Pertumbuhan ekonomi dan urbanisasi telah mendorong terjadinya perubahan pola konsumsi masyarakat dimana konsumsi produk peternakan baik berupa daging, telor dan susu meningkat dengan laju yang cukup tinggi, yakni di atas 5% per tahun untuk masa 20 tahun mendatang. Namun fakta menunjukkan bahwa kemampuan peternakan dalam negeri belum bisa diandalkan untuk memenuhi permintaan konsumen dalam negeri.
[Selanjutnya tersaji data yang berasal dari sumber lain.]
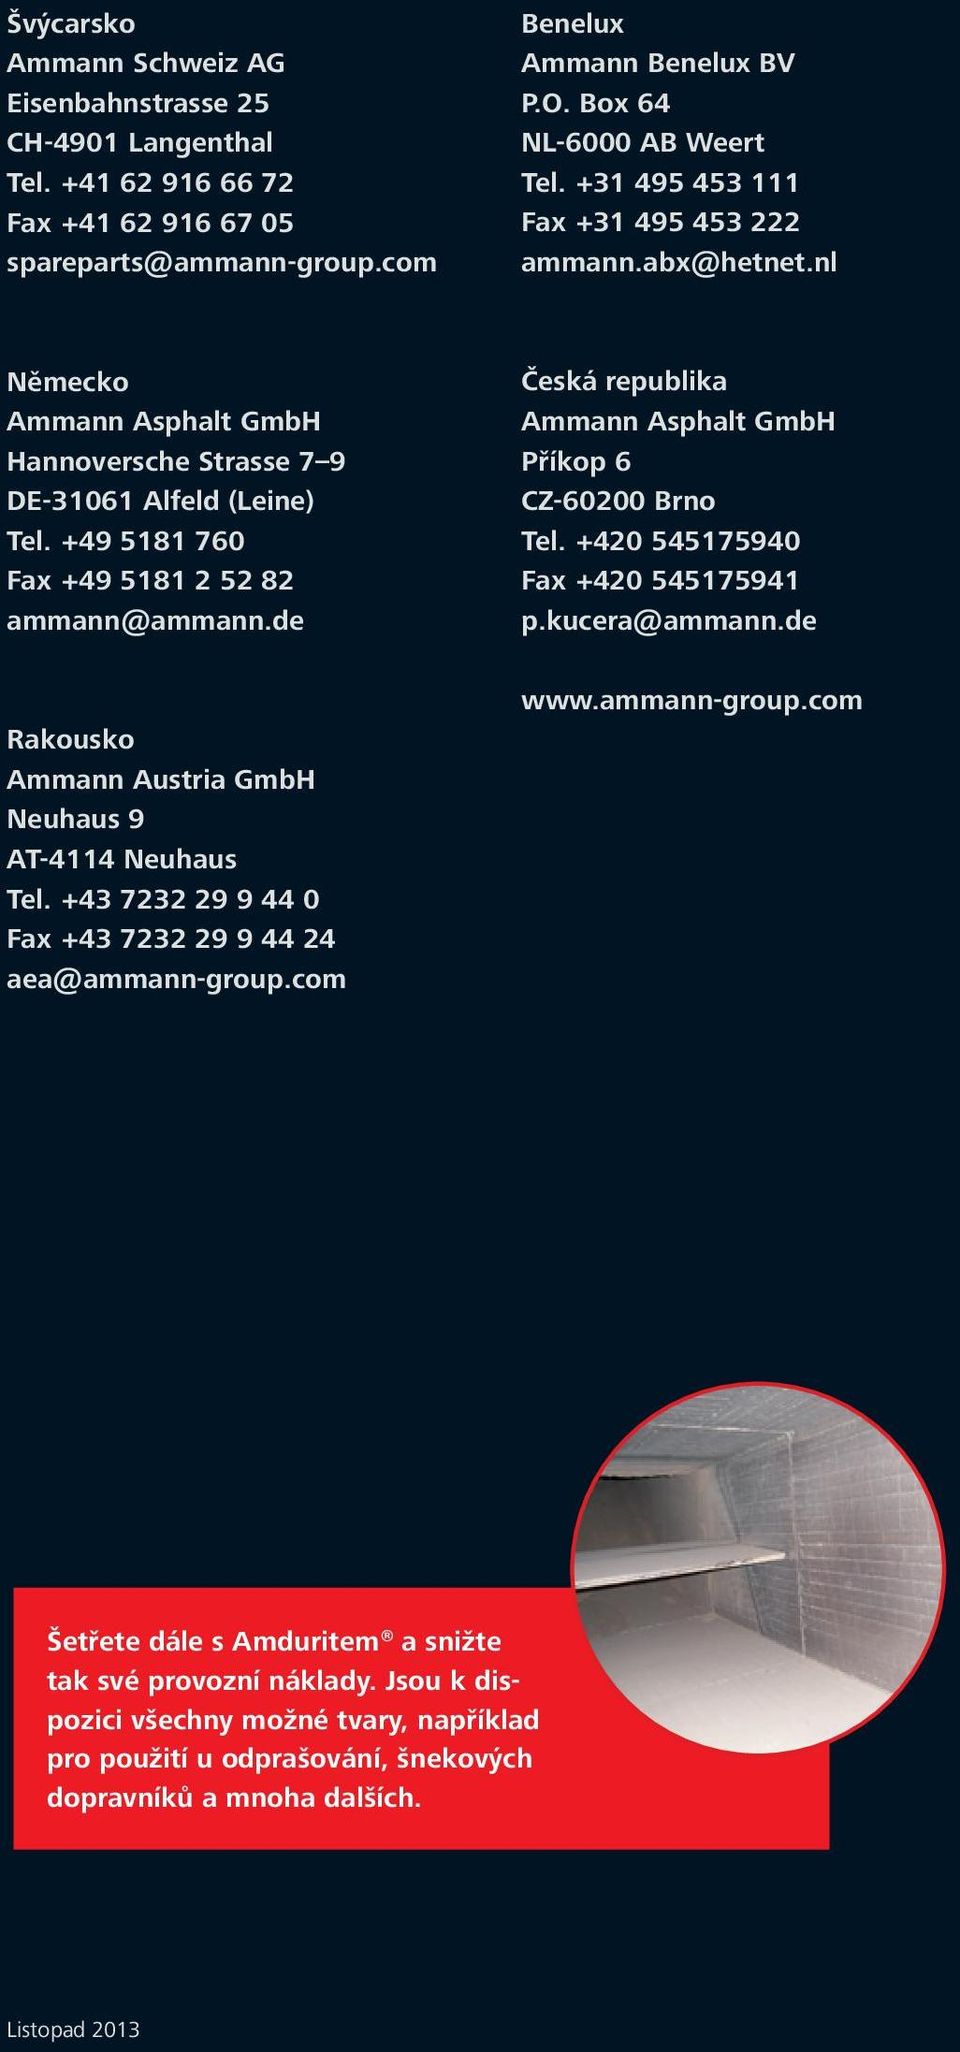 de Rakousko Ammann Austria GmbH Neuhaus 9 AT-4114 Neuhaus Tel. +43 7232 29 9 44 0 Fax +43 7232 29 9 44 24 aea@ammann-group.com Česká republika Ammann Asphalt GmbH Příkop 6 CZ-60200 Brno Tel.

Indonesia yang semula dikenal sebagai pengekspor daging pada era tahun 1970-an, telah menjadi net impor pada tahun 1980-an. Terutama untuk daging sapi, karena tidak adanya peningkatan produktivitas sapi potong.

(3)

Tercatat bahwa impor sapi potong dari Australia meningkat dengan tajam pada tahun 1990-an, dan mengalami penurunan di tahun 1998 akibat terjadinya krisis ekonomi di Indonesia pada tahun 1997, yang sampai saat ini belum pulih sepenuhnya. Namun demikian, impor sapi meningkat lagi dalam beberapa tahun terakhir. Perkiraan jumlah sapi potong yang diimpor dari Australia sebelum dan sesudah tahun 1997 disajikan dalam Gambar 1.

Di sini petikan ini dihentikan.